Oke, tarik napas dulu. Samsung akhirnya resmi nge-drop bom tahunan mereka: Galaxy S26 Series.
Jujur aja, sebagai orang yang tiap tahun megang HP flagship buat kebutuhan daily driver dan mobile photography, ekspektasi gue tahun ini sebenernya agak mixed. Tahun lalu S25 udah solid banget, jadi apa lagi yang mau ditambahin? Ternyata, Samsung milih jalur “Adu Mekanik” di sektor layar dan, tentu saja, AI yang makin in-your-face.
Tapi yang bikin gue beneran stop scrolling pas baca rilis resminya adalah varian Galaxy S26+ dan S26 Ultra. Ada beberapa hal teknis yang menurut gue bakal ngaruh banget ke experience kita pas lagi hunting foto di outdoor atau sekadar consume content di MRT yang lampunya terang benderang.

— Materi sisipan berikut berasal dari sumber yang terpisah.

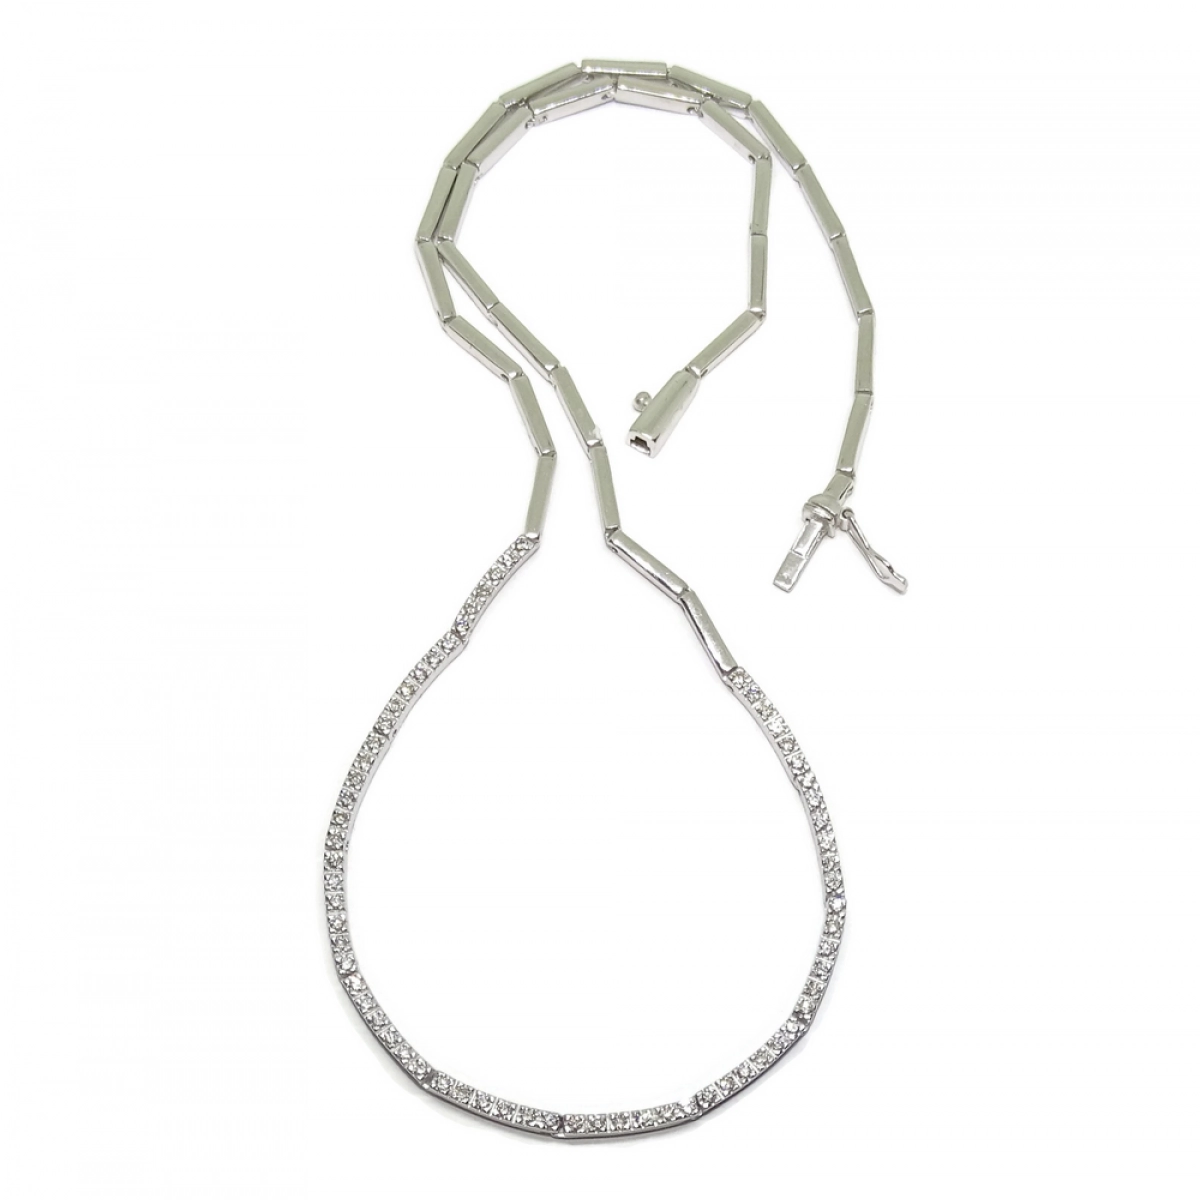 STUNNING CHOKER NECKLACE SEMI-R�GIDA IN 18K WHITE GOLD AND 1.05 CTS OF DIAMONDS NEVER SAY NEVER

Langsung aja kita bedah, dari perspektif gue yang lebih peduli soal visual daripada sekadar angka benchmark antutu.
Galaxy S26+: Bukan Lagi “Anak Tiri”?
Biasanya, varian “Plus” itu posisinya agak nanggung. Orang mending hemat beli yang biasa, atau all-in ke Ultra. Tapi tahun ini, Samsung kayaknya mau ngasih statement kalau S26+ itu layak dilirik.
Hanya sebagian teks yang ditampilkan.